Даже трагедии, о которых рассказывают мраморы, теперь смягчены. На нашем кладбище много маленьких надгробий, записывающих маленькие жизни, давно оборвавшиеся. Многие из них принадлежат той зиме, о которой я слышала, зиме задолго до антитоксина или даже дезинфицирующих средств, когда в одно воскресенье в Литтлвилле лежало двадцать мертвых детей. Тогда это было грустно, но сегодня под мелодию парящих боболинков я должна думать о том, как весело малыши надели свои крылышки все вместе и, белой стаей, отправились прочь, ведомые ангелами. На деревенском кладбище, где мертвые лежат так уютно близко к дому, на кладбище, таком синем сверху и зеленом снизу, приходится помнить, как много вещей печальнее смерти.
Я возвращаюсь из задумчивости, когда звенит колокольчик автобуса, за белоарочными воротами, и я встаю, чтобы посмотреть, кто приехал к нам из мира, ибо автобус идет от поезда, а поезд идет издалека, где мир крутит свою вертушку, далеко от Литтлвилла.
Автобус связывает нас с жизнью. Когда прибываешь домой, обычно в сумерках, у ступеньки поезда всегда стоит старый автобусник, вглядываясь вверх и протягивая обе приветственные руки, чтобы принять наши свертки и сумки. Когда он все уложил, он забирается внутрь, по-ревматически, и мы отъезжаем, грохоча и свистя, ибо водитель, лошади и автобус — все в последней стадии дряхлости. Фонарь, подвешенный между оглоблями, играет своей прямой струей света, но внутри так темно, что я не могу угадать наше местоположение, пока мы не подъезжаем к отелю. Хозяин отеля выходит в рубашке, чтобы принять толстых агентов, которых мы ему привезли, и, гостеприимно заглядывая в темные закоулки, приветствует и меня. Мы грохочем дальше, и когда мы притормаживаем у почтового отделения, почтмейстер, взваливая на плечо почтовую сумку, замечает меня и протягивает свое сердечное рукопожатие; из газетного офиса неподалеку, где работает редактор, доносится случайное приветствие, на которое я весело отвечаю из своей темной дыры и немедленно становлюсь одним из завтрашних пунктов.
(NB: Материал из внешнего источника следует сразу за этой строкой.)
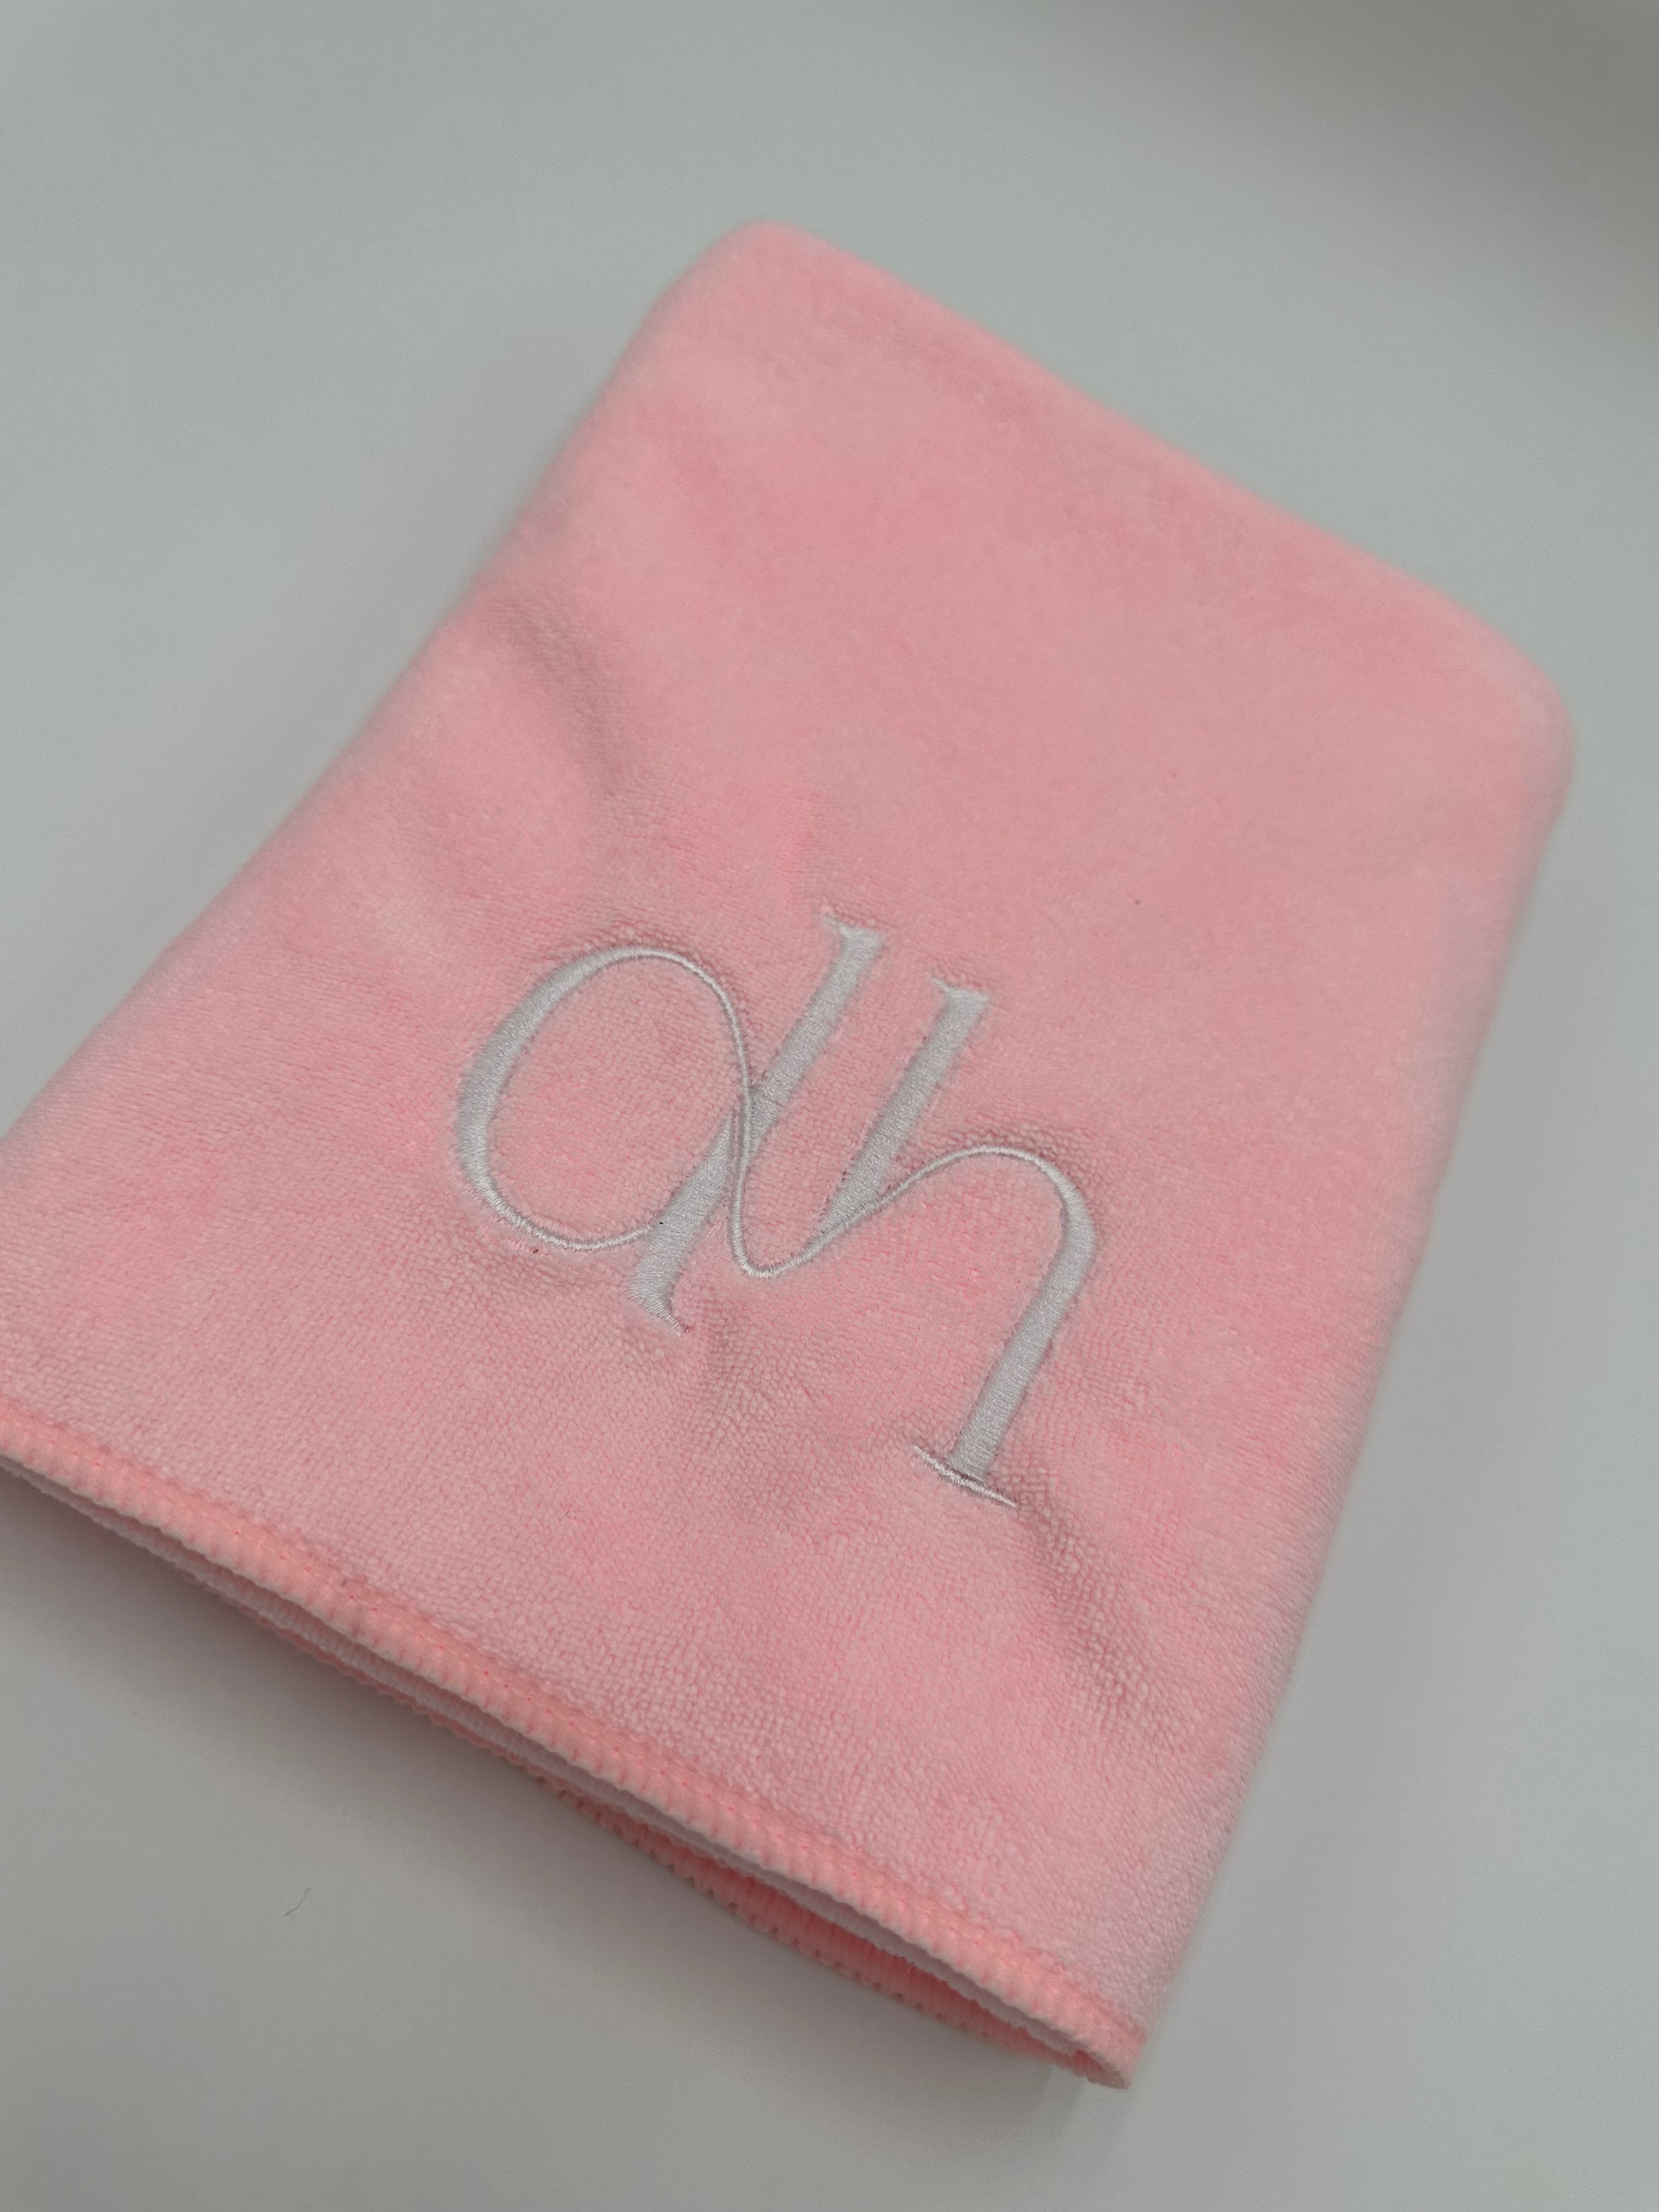 dh Luxury Branded Microfiber Doodle Towel
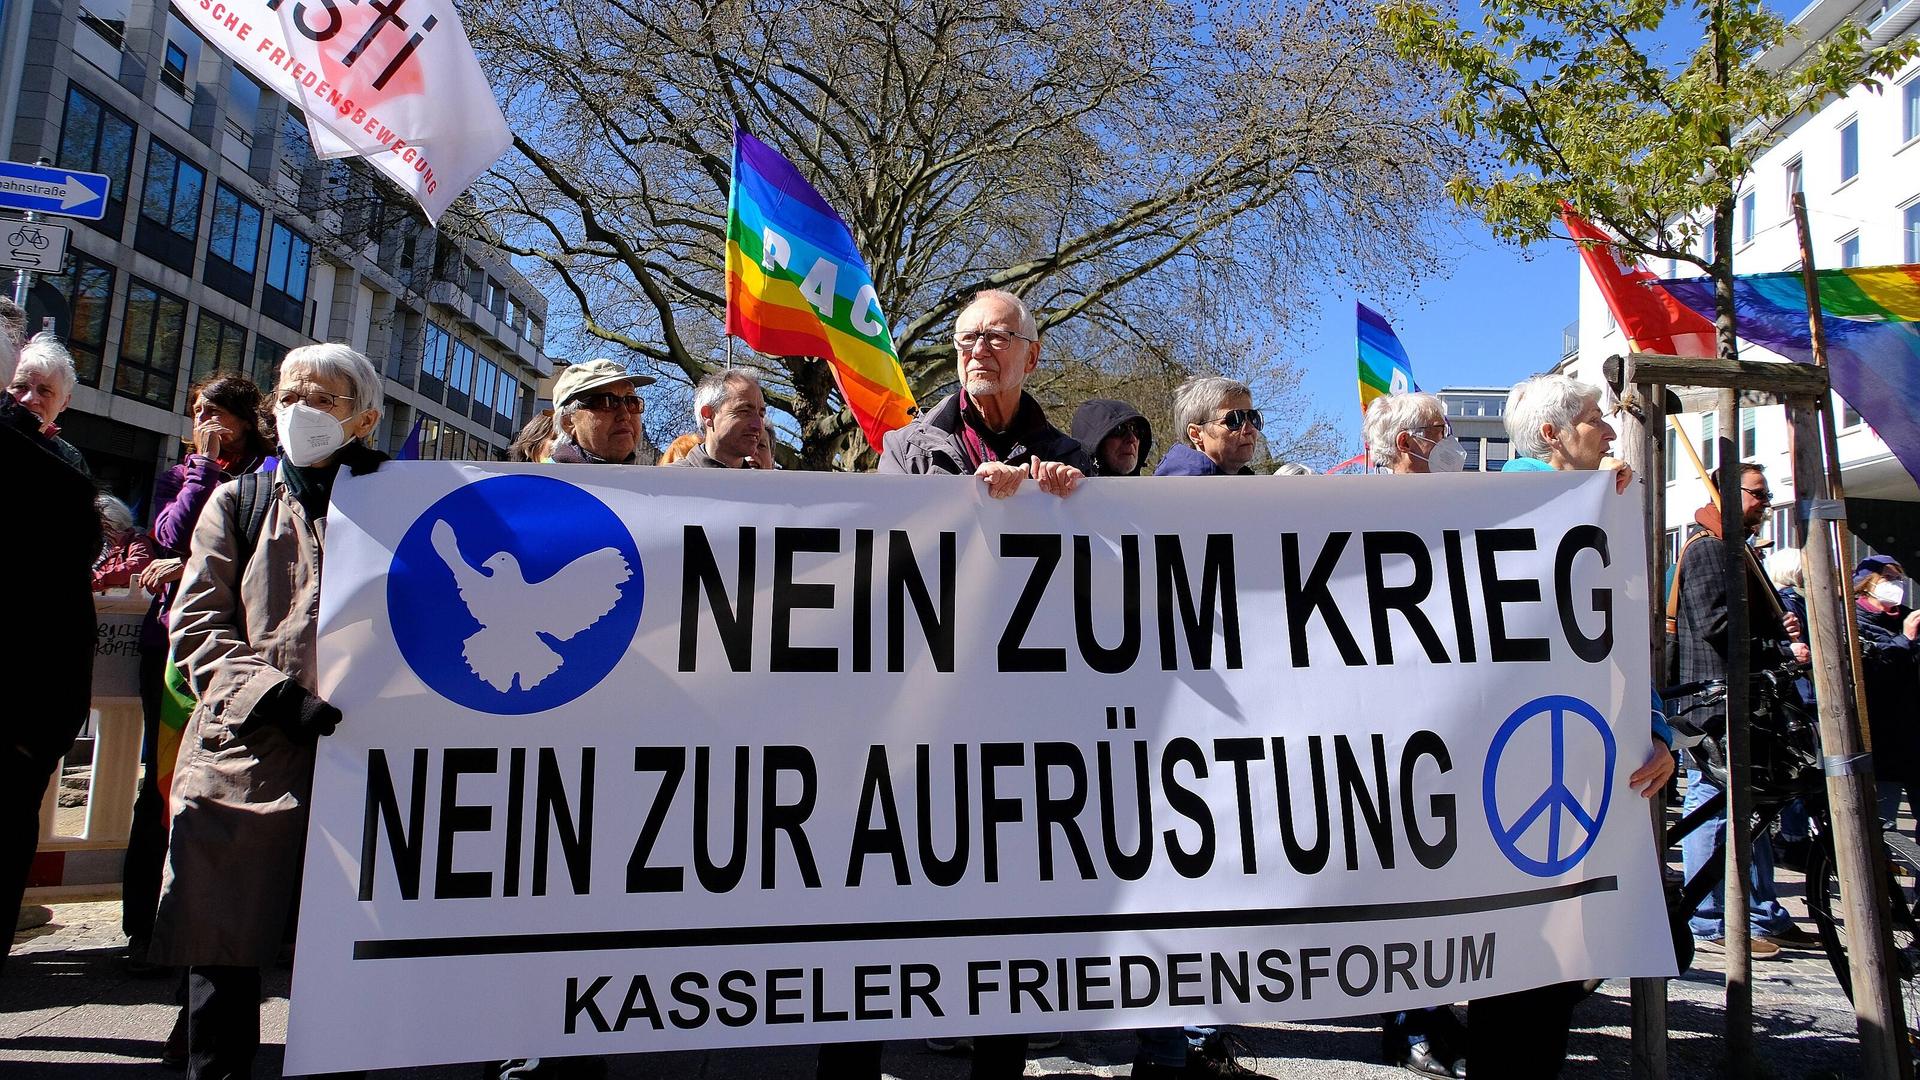 Beim Ostermarsch in Kassel ist ein Banner mit der Aufschrift "Nein zum Krieg - Nein zur Aufrüstung" zu sehen.

Дальше и вверх по холму. Я могу едва различить белую колокольню на фоне сине-черного неба. За церковью находится дом священника, а там фонарь на ступеньке и распахнутая красная дверь. Я подъезжала, возвращаясь, к дверям домов священника и раньше, но почему-то в Литтлвилле все иначе; завтра, в воскресенье, Литтлвилл будет рад, что я вернулась, и скажет об этом в церкви, ибо в Литтлвилле воскресенье тоже другое.
Здесь никогда не бывает субботней чопорности моего детства. Здесь передняя скамья не выпрямляет мой позвоночник невыносимо. Скорее, я поворачиваюсь наполовину, кладу небрежную руку на перила скамьи и хрипло болтаю со своим соседом сзади, пока не начнется служба, и даже во время службы я могу кивнуть в знак одобрения хору, если они вдруг придут в замешательство в Te Deum, или прямо во время проповеди я могу заглянуть под какую-нибудь маленькую цветочную соломенную шляпку и получить в ответ восхищенную ухмылку. Когда служба закончится, мне потребуется много времени, чтобы добраться до двери, имея так много рук, которые я хочу пожать, ибо мы не называем мой маленький городок Приходом; мы называем его домом.